Suite à la mort d’un demandeur d’asile nigérian lors de son expulsion, mercredi soir à Zurich, l’Office fédéral des migrations a suspendu les vols spéciaux de rapatriement en attendant les ­résultats de l’enquête. Dans une interview accordée à l’Aargauer Zeitung, le directeur de l’ODM, Alard du Bois-Reymond, a reconnu qu’il serait nécessaire d’adapter les mesures de contrainte s’il devait s’avérer qu’elles ont joué un rôle direct dans la mort du Nigérian. De même, si des fautes ont été commises dans le déroulement de la procédure, de nouvelles directives à l’intention des polices cantonales seraient également adaptées.

Amnesty International saisit cette occasion pour réclamer une nouvelle fois que les renvois forcés soient surveillés par des observateurs indépendants. «Lors des discussions sur la loi sur l’usage de la contrainte, nous avions demandé que l’on renonce aux chiens et aux Taser, mais que l’on prévoie des observateurs indépendants. En Autriche, par exemple, le Conseil national des droits humains, une institution qui n’a malheureusement pas sa pareille en Suisse, est informé à chaque fois qu’un vol spécial est organisé. Ses membres peuvent se présenter à l’improviste et assister à toute la procédure», explique Manon Schick, porte-parole de l’organisation. Elle poursuit: «En Suisse, la nouvelle commission indépendante de prévention de la torture pourrait jouer ce rôle.»

Jean-Pierre Restellini, son président, médecin, juriste et membre du Comité européen contre la torture, précise: «La commission a commencé son travail au début de l’année, tout reste à imaginer. Nous n’avons pas débattu de ce point précis jusqu’à maintenant. La loi fédérale est assez large, nous avons le pouvoir d’inspecter tout lieu où une personne est privée de liberté et les centres de rétention font partie du programme que nous nous sommes fixé cette première année. Mais il faut être conscient qu’une présence lors de toutes les procédures de renvoi forcé demande des moyens supplémentaires très importants.»

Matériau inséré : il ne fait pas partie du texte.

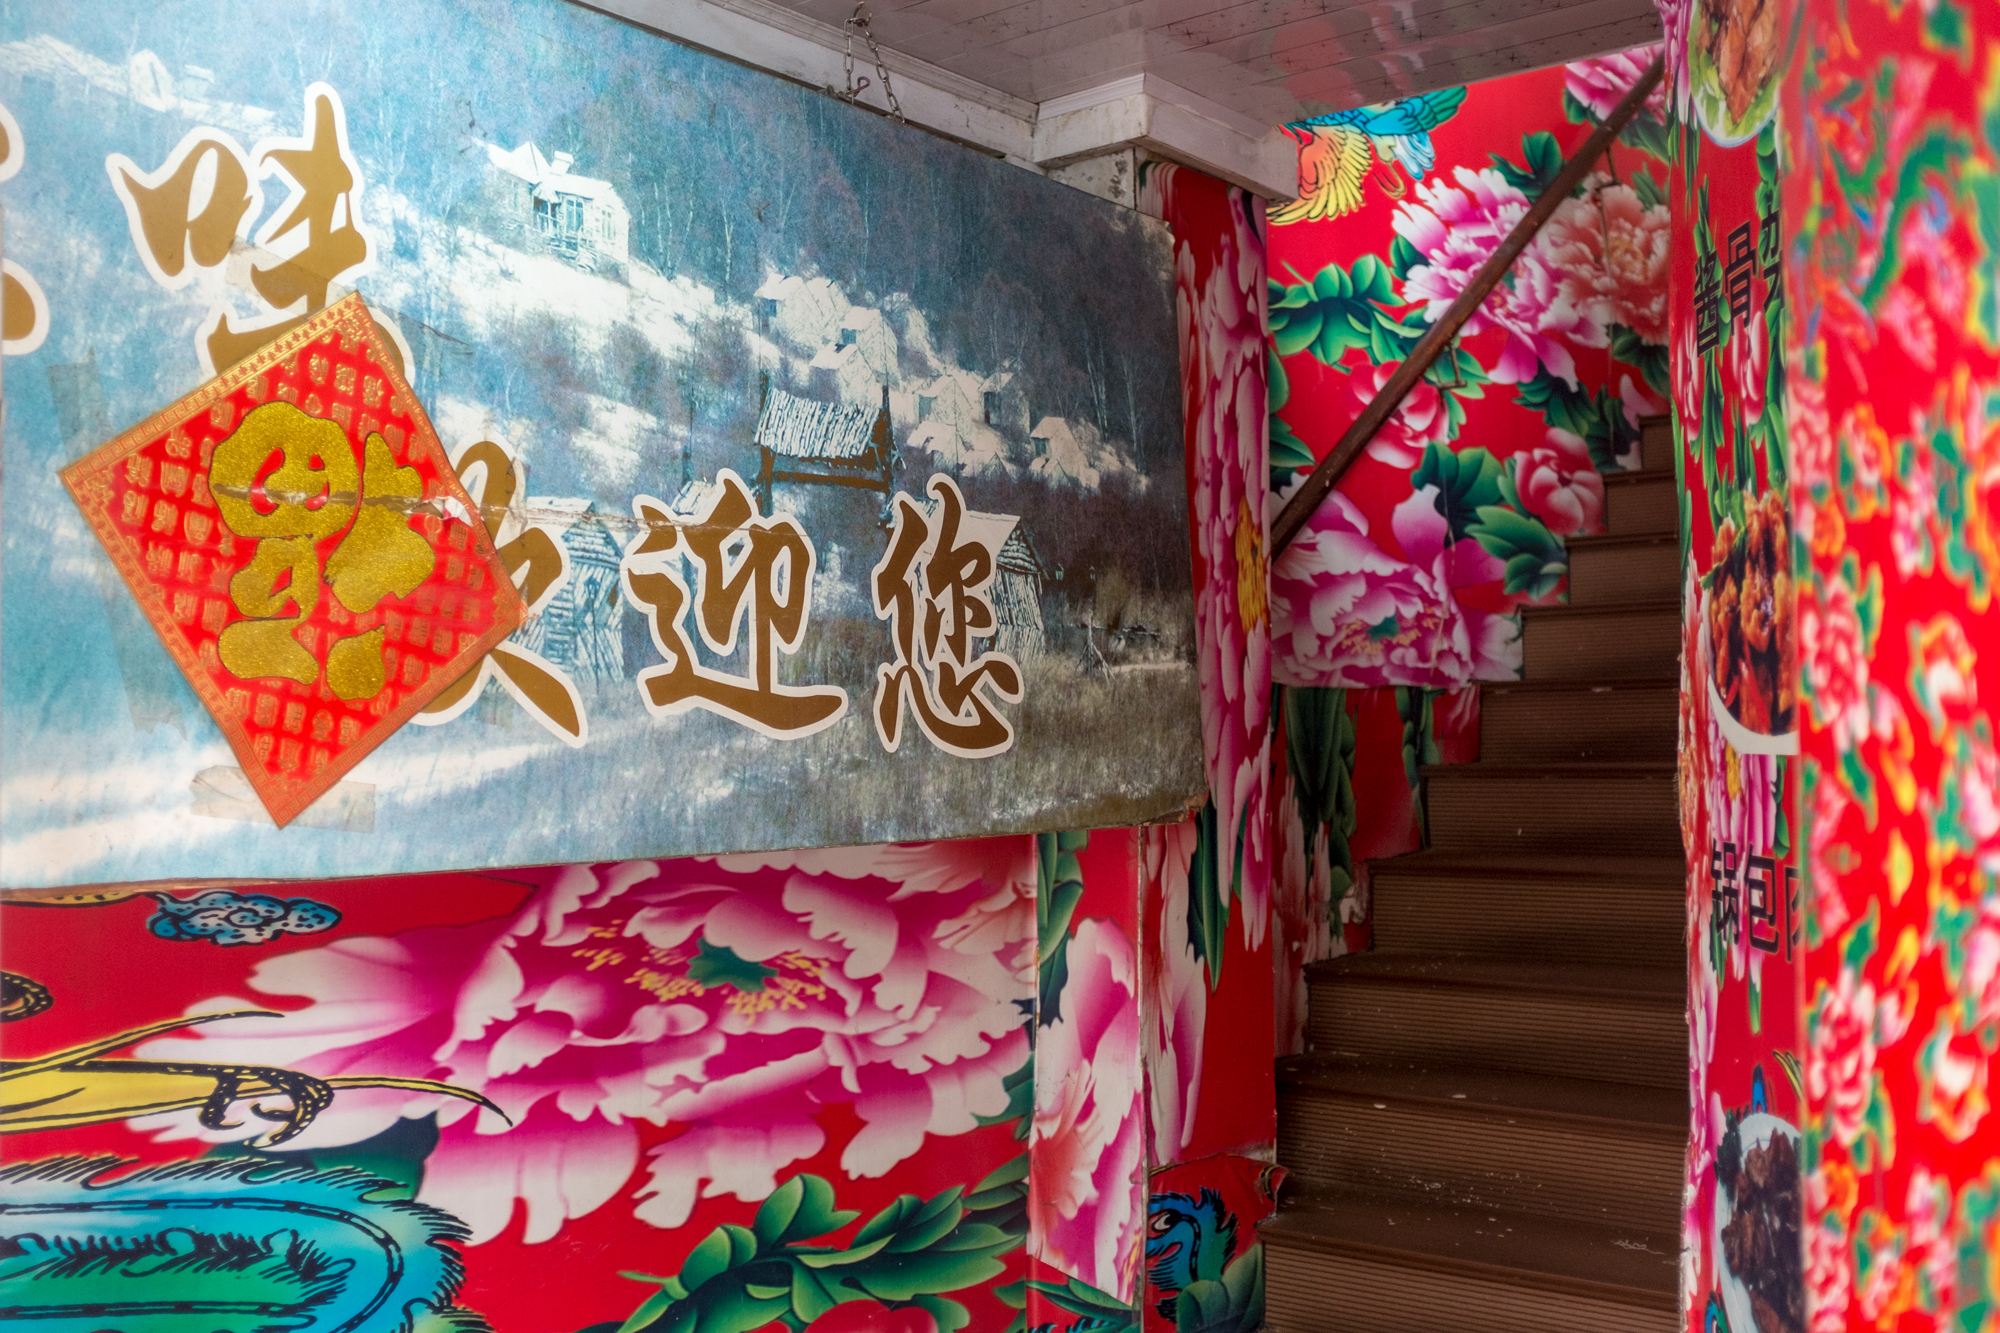 Restaurant Entrance, Guangzhao

L’association Solidarité sans frontières, qui s’engage pour les droits des migrants et demandeurs d’asile en Suisse, n’est pas favorable à des contrôleurs indépendants. Balthasar Glättli, son secrétaire, explique: «Nous demandons de renoncer en bonne et due forme aux renvois forcés. Une mission d’accompagnement risque de donner l’impression que tous les problèmes sont résolus. Mais cela dépend beaucoup des compétences qu’elle reçoit. Peut-elle être tout le temps présente? A-t-elle le droit de témoigner sur ce qu’elle a vu? La situation n’est pas simple non plus pour les personnes et les associations qui assument cette tâche d’observation.» Solidarité sans frontières s’engage pour un retour dans la sécurité et la dignité. «Il faut travailler avec des incitations. Si l’on pense à ce que coûte l’internement en vue de l’expulsion et aux vols spéciaux mêmes, cet argent pourrait être mieux investi», poursuit Balthasar Glättli.

Depuis 2009, la Suisse est tenue, en vertu des Accords de Schengen, de respecter la directive de l’Union européenne sur le retour des ressortissants de pays tiers en séjour irrégulier qui vise à favoriser, dans la mesure du possible, le retour volontaire.